Comparing results placing a llama individual with simulated ancient DNA damage into the H2 position, a Lama sp. in the H1 position, and a Vicugna sp. individual in the H3 position to those when placing a high-quality version of the same llama individual in the H2 position, we saw a slight discrepancy in the D-scores. The mean deviation was 0.0322, which we used to correct for ancient DNA/reference related biases in the interpretations of the empirical data (Supplementary Fig. 6).

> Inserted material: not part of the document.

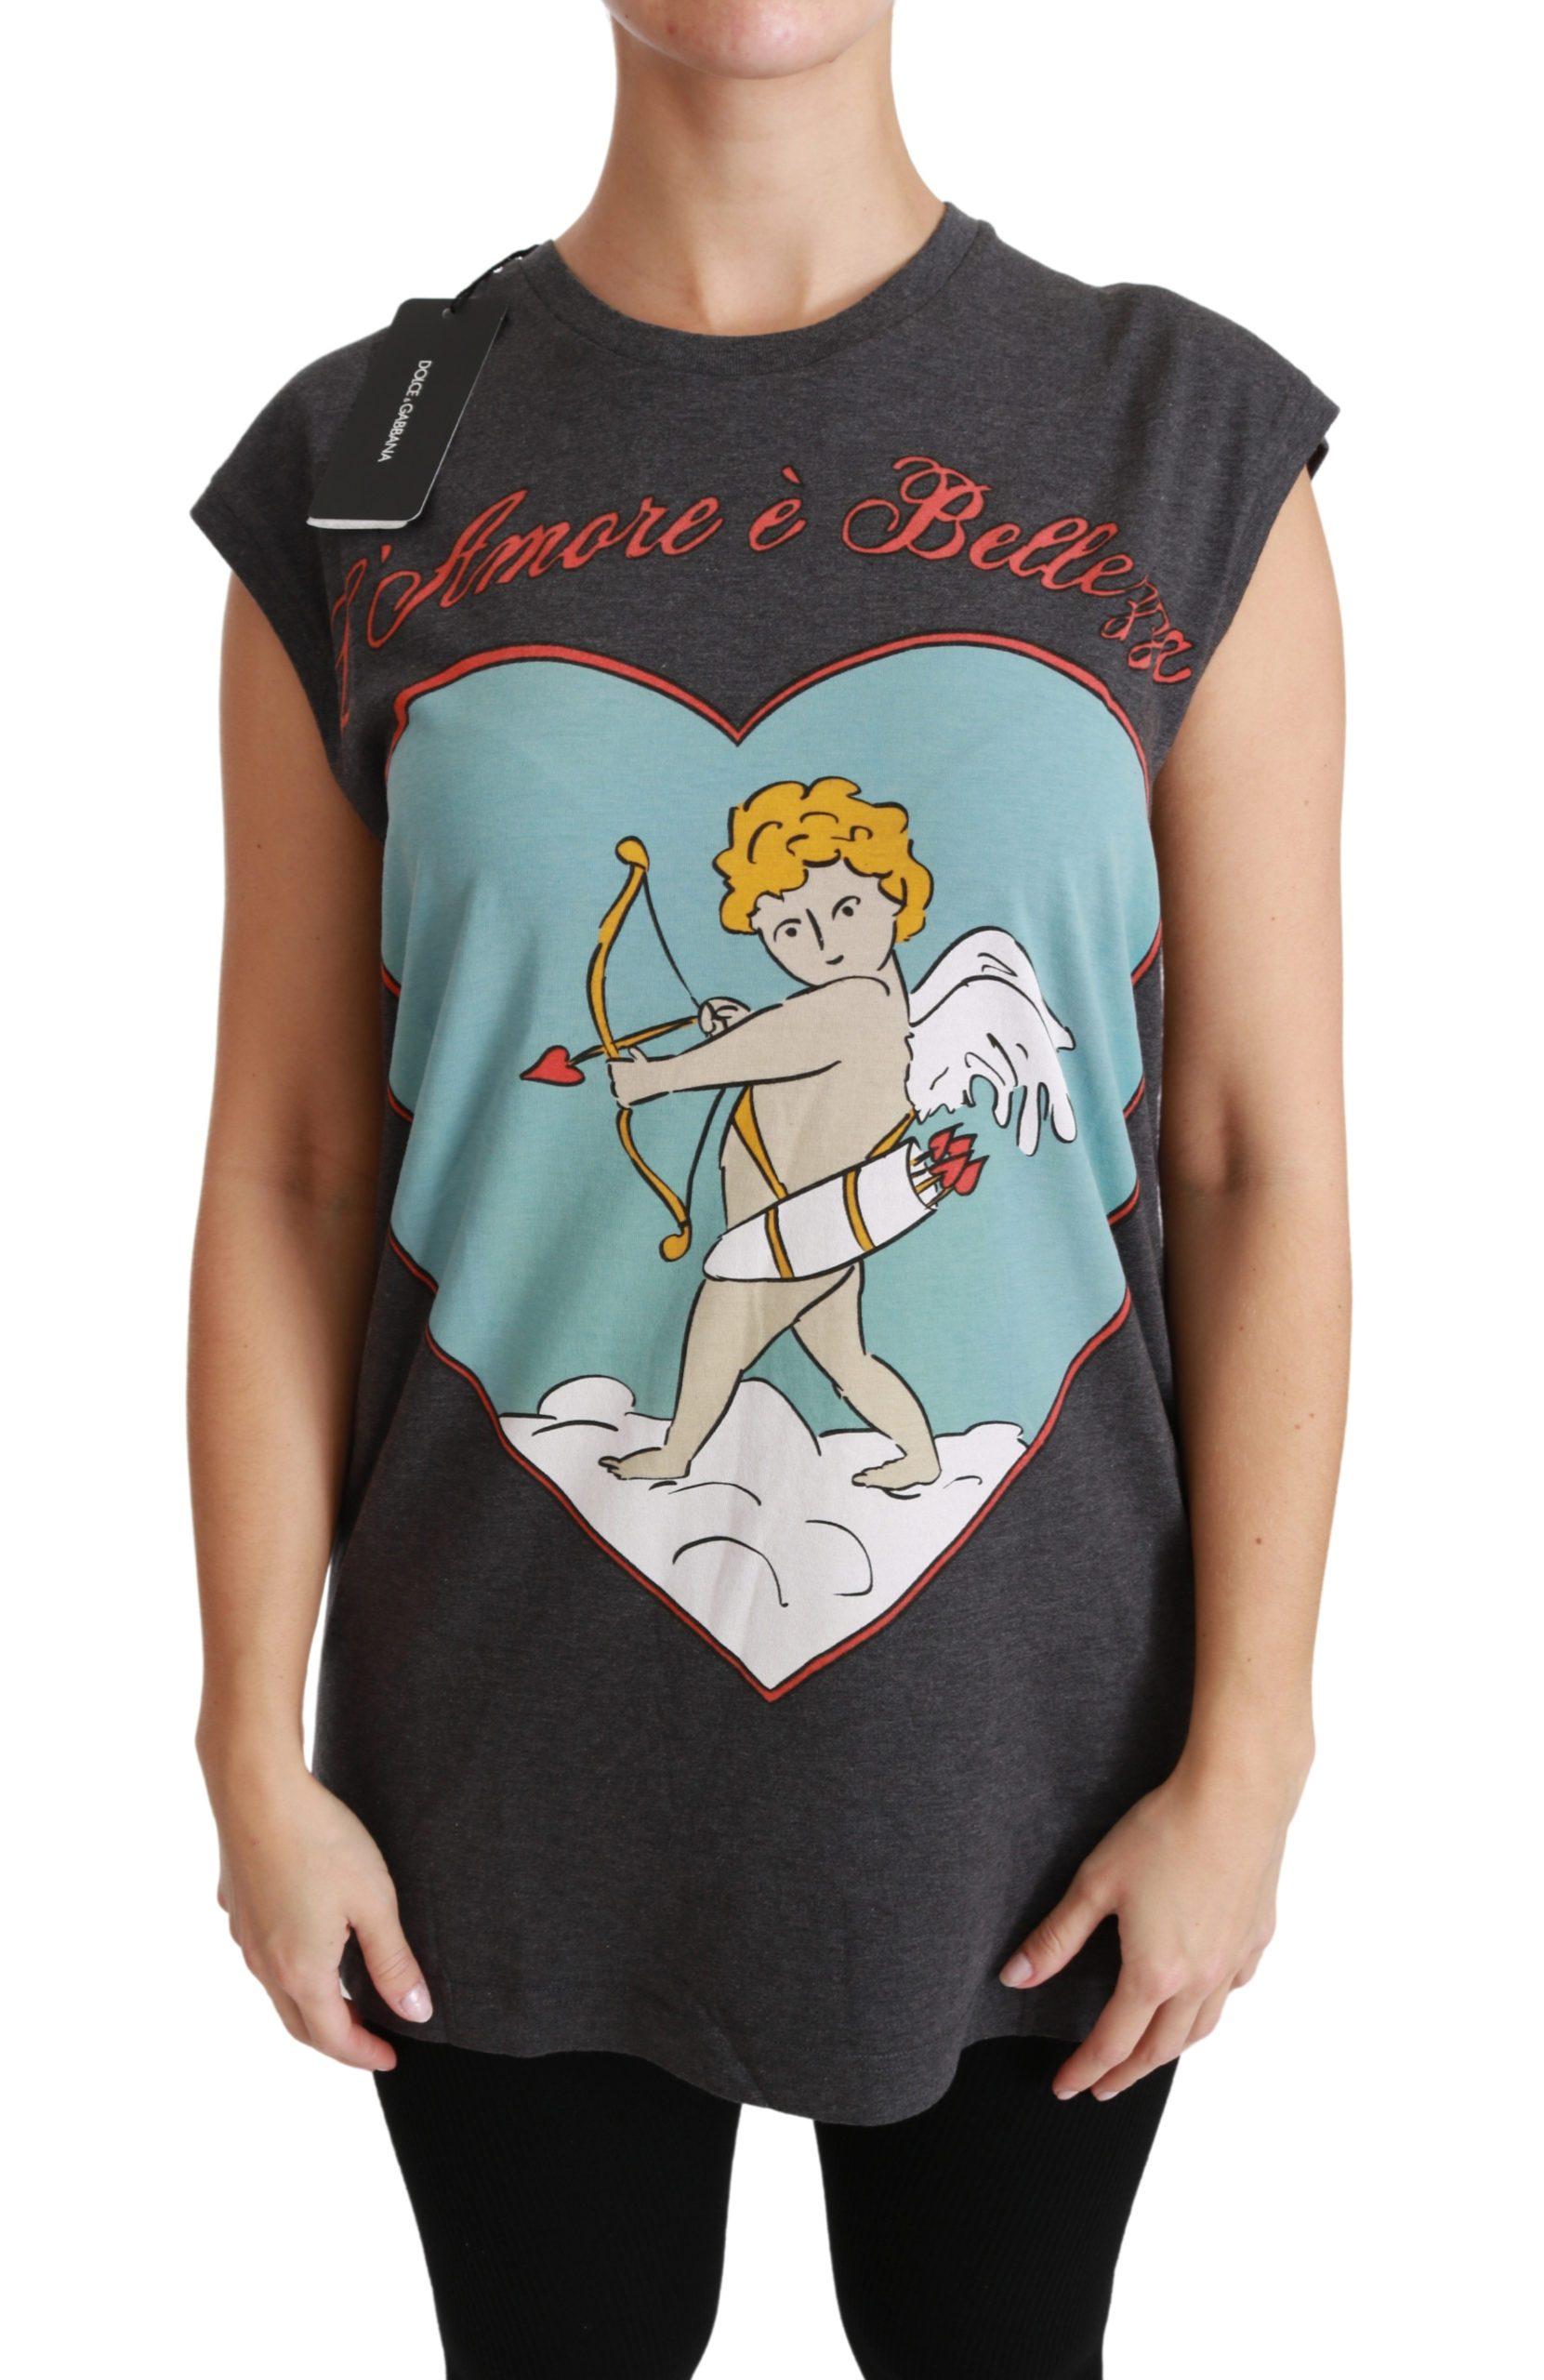 Dolce & Gabbana Women's L'Amore E'Bellezza Top Gray TSH4423 - IT36   XS

Investigations into the topology ((Lama sp., C21), Vicugna sp.) found that individual C21 had less gene flow with Vicugna sp. than all modern llama individuals, similar levels of gene flow with V.v.vicugna and V.v.menalisis but more with alpaca compared to L.g.guanicoe, and less gene flow with alpaca but similar levels with V.v.vicugna and V.v.menalisis compared to L.g.cacsilensis (Fig. 4). Investigations into the topologies ((Lama sp., C72), Vicugna sp.) found that Tulan individual C72 had less gene flow with Vicugna sp. than modern llama, similar levels of gene flow with V.v.vicugna and V.v.menalisis but more with alpaca compared to L.g.guanicoe, and comparable levels with all Vicugna sp. compared to L.g.cacsilensis (Fig. 4).

Fig. 4: Test for gene flow between ancient individuals and Vicugna sp. using D-statistics.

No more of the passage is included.